Business Standard

‘The NARCL must attract top-quality talent’


The National Asset Reconstruc­tion Company (NARCL) can be a game-changer in cleaning up India’s bad-loan mountain and help banks to lend more freely to India Inc. But will the new agency fire in the way it has been imagined? TARUN BHATIA, managing director and head of South Asia (forensic investigat­ions and intelligen­ce) at Kroll, spoke to Raghu Mohan. Edited excerpts: Banks are to hold a 50 per cent stake in the NARCL, and security receipts are to be issued. How is this a big material change, as it only amounts to a transfer of what was shown on banks’ loan book to the investment book?

The material change is that the last time this was done was 20 years ago.

So, one can try it again. When the concept of asset reconstruc­tion companies (ARCS) was introduced in the early 2000s, there was no Insolvency and Bankruptcy Code

(IBC). NARCL with IBC — which was introduced six years ago — has a different context versus NARCL without IBC. If both had been introduced jointly, then I would have been concerned. The biggest advantage of NARCL is aggregatio­n.

And with the blessings of and backed by government guarantee, it would have more teeth than the previous version of ARCS set up by banks. In a way, NARCL works like a closedende­d fund where, in five years, they have to resolve cases, otherwise the guarantee lapses. In that case, we will be back to where we started, which is okay. NARCL cannot have it for perpetuity also.

The three-year-old inter-creditor agreement (ICA) framework for resolution of bad assets has not enthused bankers. Do you think they will have a change of heart when they deal with the NARCL, as ICAS are needed here as well?

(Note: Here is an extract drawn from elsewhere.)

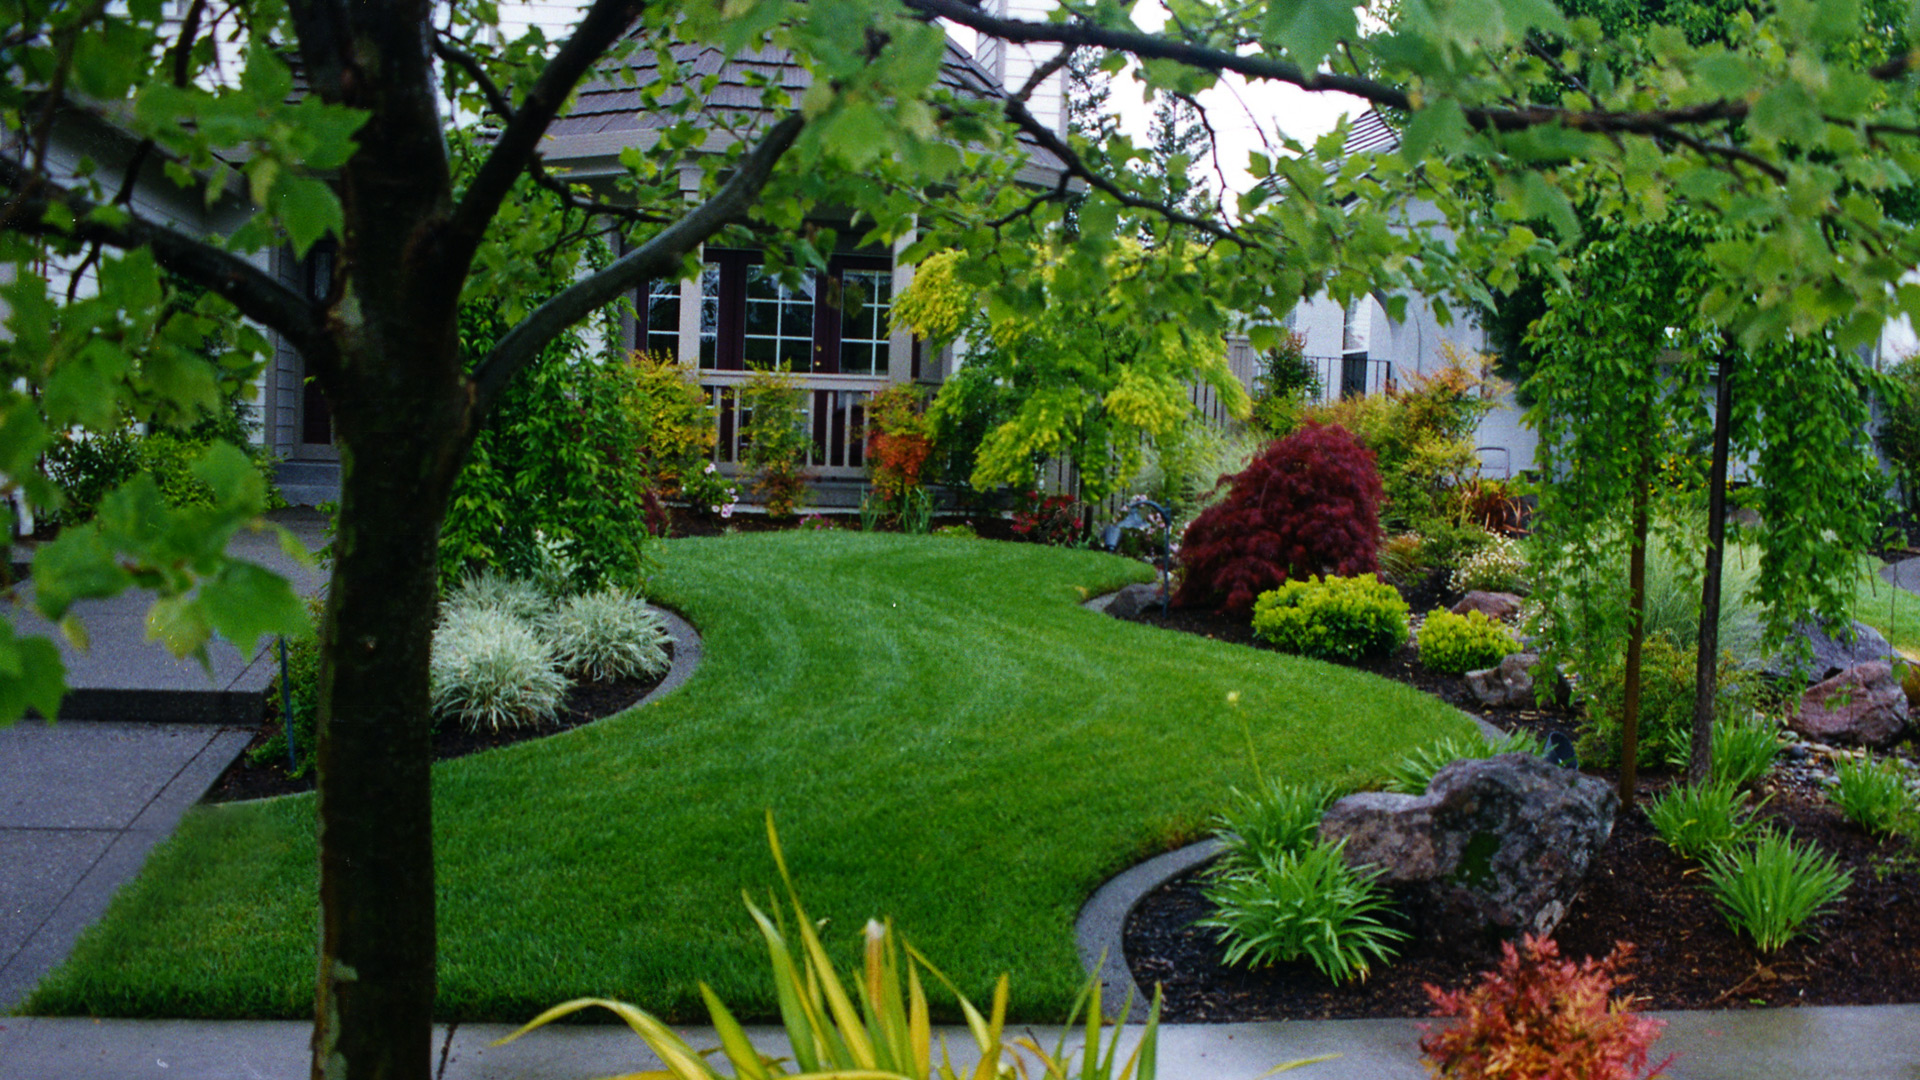 A lush sweeping front yard lawn with colorful foliage plants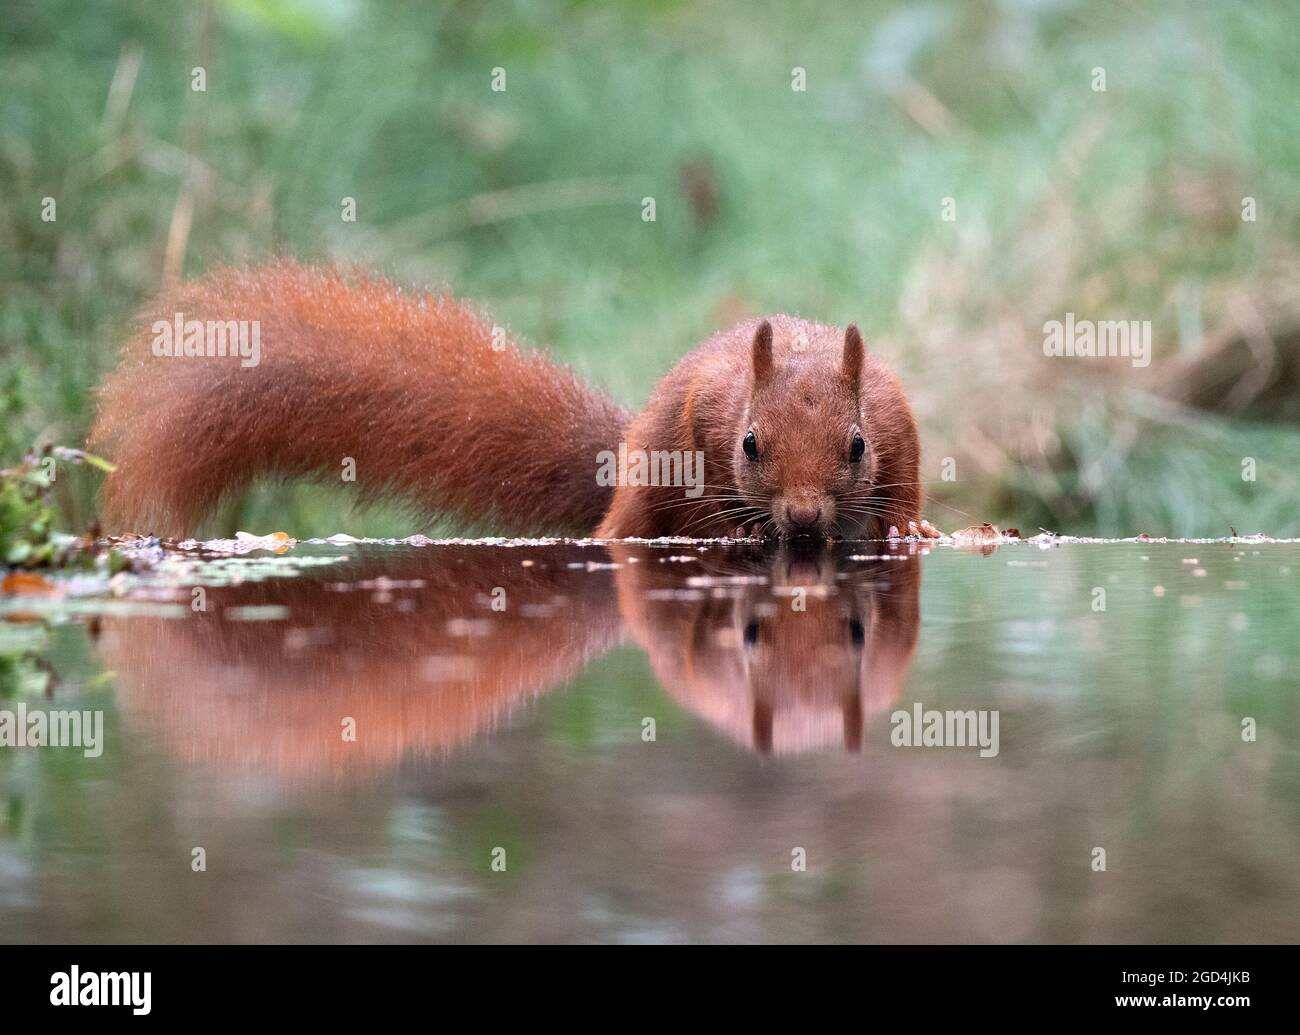 Red squirrel (Sciurus vulgaris) drinking at a pool in the forest Stock Photo

I think there is visible intent and there is a pressure point for lenders to get their act together, and because the decision maker will be NARCL, not the largest holder of the credit. What I’m saying is that earlier ICAS had challenges, because if you take NARCL out of the picture, then all the banks need to agree among themselves. Now, there is an agency, so you do an ICA and the agency is taking the call.

And you will assume at least that it’s an independen­t agency taking this call, and is not influenced by which bank had the maximum stake, because that is the benefit of aggregatio­n — unlike the situation earlier, where the smaller banks or those with smaller exposure always felt that they were being left out, or their interests were not considered.

The NARCL can’t be expected to run a company. So, how does this play out?

Even when the IBC came in, the first doubt was that banks don’t know how to run a company after having taken control of it, right? That they don’t know how to run an airline, or a steel plant. But what we have seen is that banks have either been able to resolve, or liquidate it. If we just take the distressed asset where the board gets dissolved, the shares actually have zero value under the IBC framework. And then, new investors come in who take over that debt and control. And that’s why equity holders get nothing; it’s the debt holders who get repaid.

My sense is that the NARCL will have to recruit good talent. Today, they may have people who are seconded from banks and they are of course, hiring. But the key will be to position NARCL as a very strong, independen­t body with high-calibre people. Like the National Investment and Infrastruc­ture Fund, where you have Sujay Bose at the top and very competent people from the industry. If bankers are to be sitting in NARCL, it will have a short shelf life, or a long shelf life without any utility!

To the extent that the NARCL is not privileged over banks in the IBC, what makes you hopeful that it will work?

The NARCL is a pooling agency. So, conceptual­ly it does not need to be above the banks. You don’t want to give it that kind of superpower, but it has the accumulate­d debt, and so, its ability to go to market looking for investors is much stronger.

The Securities and Exchange Board of India has made a case for carving out a separate category among Alternativ­e Investment Funds (AIFS) to buy into bad debt. What is your view on this?

The reality is that India is right now attracting a lot of money for multiple reasons. There is a huge amount of liquidity circulatin­g in the global markets. And with this Evergrande issue in China, there will be more money in the short term. Now, take Jet Airways out here, which is to be operationa­l from next year. From a distressed assets’ point of view, it’s a good success story, right? A good operating airline — and I am not getting into its balance sheet — went down and is coming up, and this wouldn’t have happened in the past. We have other airlines in history which have gone down and never came up. Plus, the Essar Steel resolution.

I think these examples are there in the minds of investors. There is a growing class of distressed investors like high-net worth individual­s, family offices, and so on. And post- Covid, there is a general view that there will be a large amount of good operating distressed assets available because the distress is not so much due to the business model as due to the crisis. If your only avenue is NARCL or domestic ARCS, then you are again constraine­d. I think allowing a subcategor­y of AIFS to come into distressed assets as stakeholde­rs is good.